Это не остановить, подумал Хармон. Оставшись без постоянной тренировки, мозги мало-помалу притупляются, и никто не может сказать, когда наступит финал – но уж если до этого доходит, обратной дороги не бывает. Но деваться некуда, это все, что у нас, собравшихся здесь, есть в наличии; мы будем пытаться работать с тем, что осталось.
Он снова с тоской вспомнил Такавара – жалко, что его нет сейчас здесь. Сожалеть можно было о многом, например о том, что все то же самое не случилось с ними десять лет назад. Или, еще лучше, в самом начале – такие они были светлые головы тогда, незаурядные зрелые люди. Однако история никогда не поворачивается вспять по желанию человека.
– Теперь у нас наконец есть шанс, – продолжил Вайерман. – Мы не можем позволить себе упустить его. Вся наша энергия, все наши способности должны быть посвящены этому. Впереди предстоит огромная административная работа, нужно будет составить многолетнюю программу и приступить к ее реализации. Как я понимаю, нам снова так или иначе придется вступить в тесный контакт с центаврианским правительством. Процедура встреч на высшем уровне потребует огромных затрат сил. Кроме того, как только освобождение нашей родины действительно начнется, мы все должны будем быть готовы к возвращению, чтобы встать во главе восстания. В данной ситуации, по моему мнению, лучшим решением будет находиться вблизи Солнечной системы на корабле, ждать в космосе.
Хармон услышал, как рядом с ним досадливо хмыкнул Стэнли. Подняв голову и обводя глазами присутствующих, он увидел, как постепенно, по мере того как слова Вайермана начинали оказывать свое действие, менялись их лица.
5
– Минуточку, господин Президент! – Стэнли вскочил с места.
Президент неспешно повернул голову в сторону министра финансов. Увидев глаза Вайермана, Хармон вдруг понял, что так беспокоило их главу. Во взгляде Президента слилось очень многое. И в числе прочего удивление в этом взгляде было не основным.
– Я слушаю вас, Эдвард? – проговорил Вайерман и вздохнул.
– Насколько я понимаю, вы просите нас уделить этому проекту свое время. Это так?

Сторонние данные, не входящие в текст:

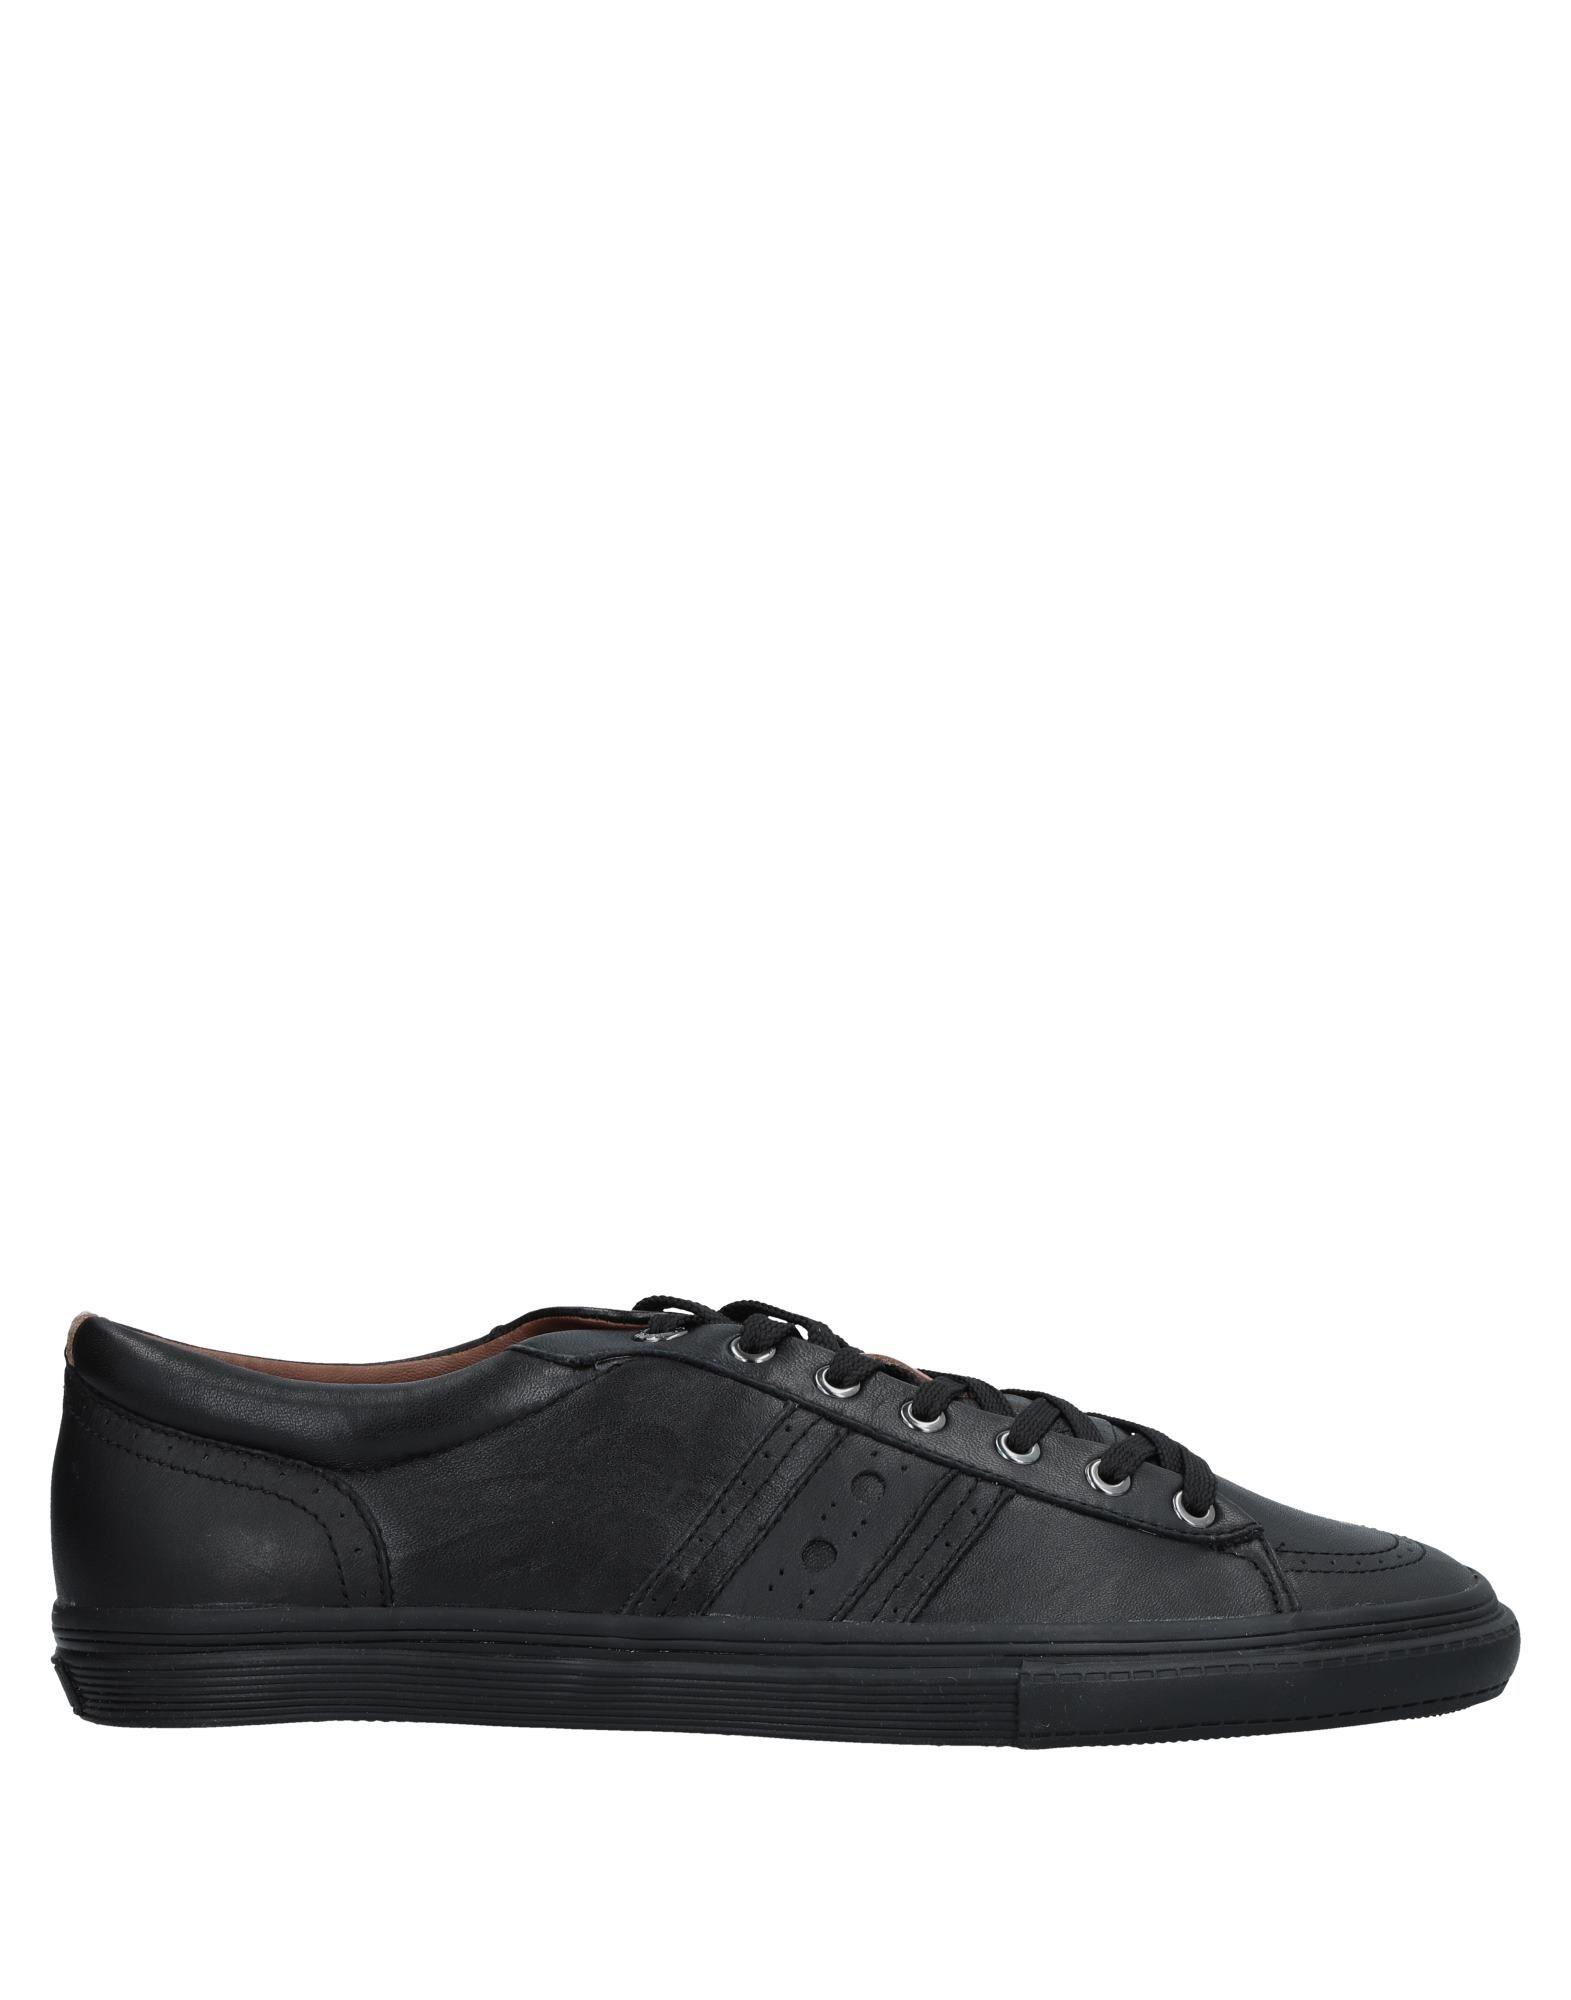 Paul Smith Sneakers Herren  11536966TB Neue Schuhe
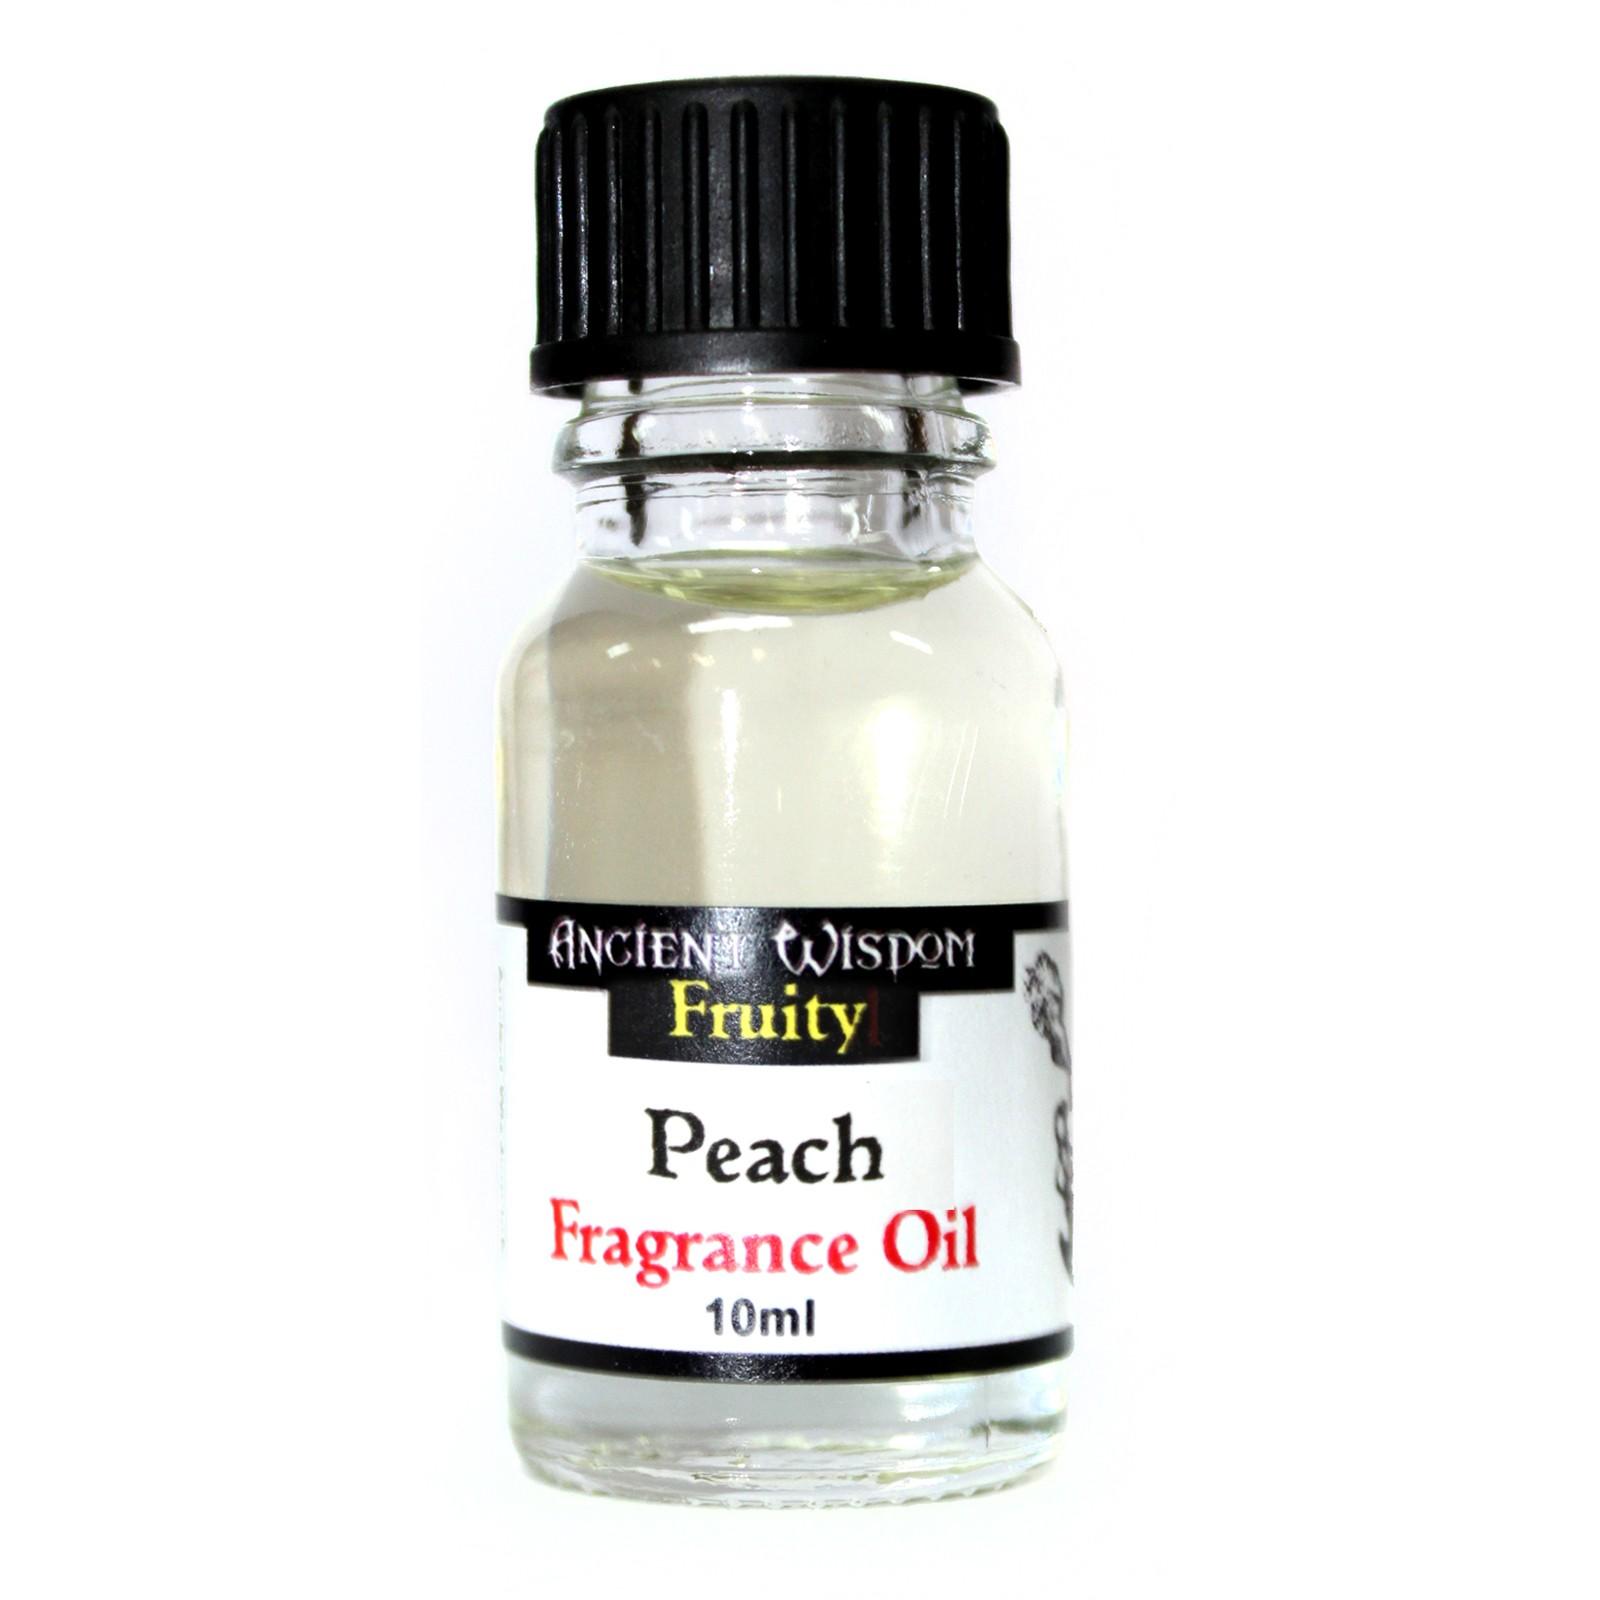 10ml Peach Fragrance Oil

– Вы члены моего кабинета… Вы принесли клятву служить Родине и Правительству. Вот мой ответ, Эдвард.
Окончание тихой фразы Президента утонуло в эмоциональной отповеди министра финансов. Стэнли неловко всплеснул руками.
– Ну что ж… Да! Да, я клялся. Но в то же время нельзя забывать, что я занимаю здесь пост, очень важный пост – у меня есть определенные обязанности… Проклятие, Ральф, ведь я директор самого большого столичного банка!
– Понимаю. Хочешь ли ты этим сказать, что не сможешь оставить свою работу немедленно, или же ты понимаешь свои обязанности как банкира как нечто более важное сравнительно с долгом по отношению к Земле?
Карл Гартманн уже был на ногах.
– Мне кажется, что министр Стэнли хотел сказать, что он прочно укоренился здесь. Ведь… в конце концов, господин Президент, прошло двадцать лет – не так просто взять и оборвать все разом. Взять например меня – у меня здесь адвокатская контора, собственный дом… моя жена десять лет обставляла и благоустраивала этот дом. Мой сын женат на местной девушке, у них есть дети… – Под взглядом Вайермана Гартманн смешался. Пришла его очередь запинаться и злиться на все и вся.
– В конце концов… в конце концов, когда я с женой прилетел сюда, у нас не было ничего кроме одежды на себе. Я работал, Ральф – я работал очень много и тяжело. Мне пришлось заново учить весь свод законов. Я служил клерком, потом сдавал экзамены на допуск юриста – это в мои-то годы. На Земле я был уважаемым человеком, известным адвокатом. Но здесь это никого не интересовало. Я снова вынужден был начинать с самых низов. И я добился своего. Я снова стал известным адвокатом, теперь здесь, на Чиероне. Если я вернусь назад – если я вдруг соглашусь на это – мне что, сдавать экзамены в третий раз? Потому что первое, что произойдет после изгнания пришельцев, это будут новые выборы. Вы можете гарантировать мне, что я окажусь в новом президентском кабинете?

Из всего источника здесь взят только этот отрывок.